Fajelga vs. Escarael 167 SCRA 350 Facts: Fajelga is the owner of a Kawasaki motorcycle which he later on sold to Serenico Ablat, however, the deed of sale between them was not registered with the Bureau of Transportation. On November 5, 1979, Ablat signed and executed a deed of absolute sale of the said Kawasaki motorcycle for eight thousand five hundred pesos in favor of the government of Batanes represented by Provincial Engineer Telesforo Castillejos.

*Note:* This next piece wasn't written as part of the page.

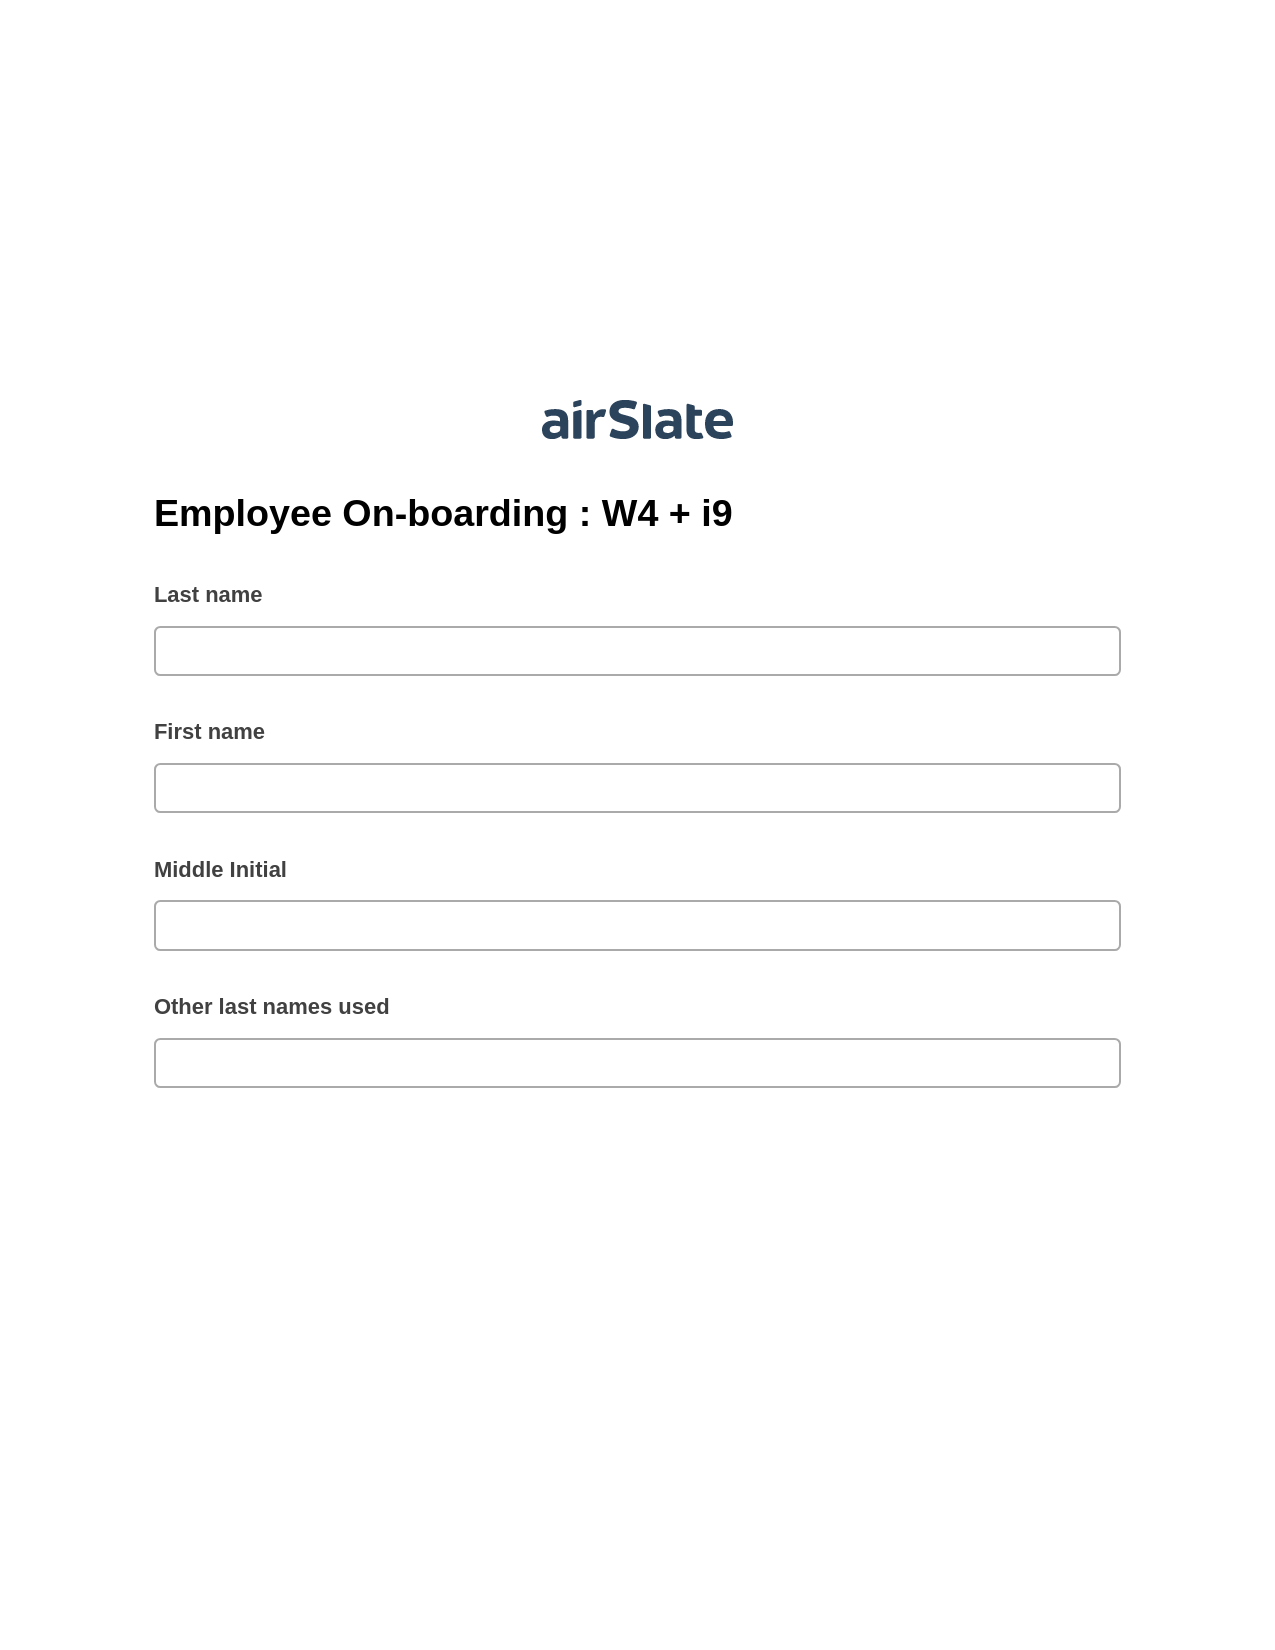 Employee On-boarding : W4 + i9 Pre-fill Dropdowns from Google Sheet Bot, SendGrid Send Campaign Bot, Export to NetSuite Bot

The motorcycle was still then under the name of Fajelga. The motorcycle was purchased to be used by the Provincial Auditor Felix Balasi. However, the sale was not consummated because Felix resigned and the new Provincial Auditor, Eklena Alcantara, deemed the motorcycle impractical for her own use. Therefore, the sale was cancelled. Mrs. Alcantara then gave the cancelled vouchers and other supporting documents related to the sale, which she had received from the Provincial Treasurers office to the petitioner who allegedly placed the document in a cabinet in the Provincial Auditors office which was subsequently burned in a fire which occurred in the said office. Castillejos and Ablat was later on indicted for violation of R.A.3019 or the Anti-Graft and Corrupt Practice Act, but were then acquitted. However, petitioner and his co-accused were convicted in a criminal case of falsification of public document by a public officer under paragraph 4, Art. 171 of the RPC. The petitioner was also held liable in criminal case of infidelity in the custody of documents under Paragraph 2, Art. 226 of the RPC. The petitioner moved for reconsideration and the Sandiganbayan modified its decision in the first criminal case by finding the petitioner and his co-accused guilty of falsification of public documents through reckless imprudence as defined and penalized under Art. 171 (2) in relation to Art 365 (1) of the RPC. Reconsideration of the second criminal case against the petitioner was however, denied. Petitioner now alleges that he can not be convicted of falsification under either par.2 or 4 of Art 171 of the RPC for he was not a party to the questioned deed of sale, nor did he impersonate anybody in furtherance of the sale. He also contends that to convict him with par.4 of art 171 would be to deprive him from his constitutional right against double jeopardy and that he can not be held liable for the sale was not consummated.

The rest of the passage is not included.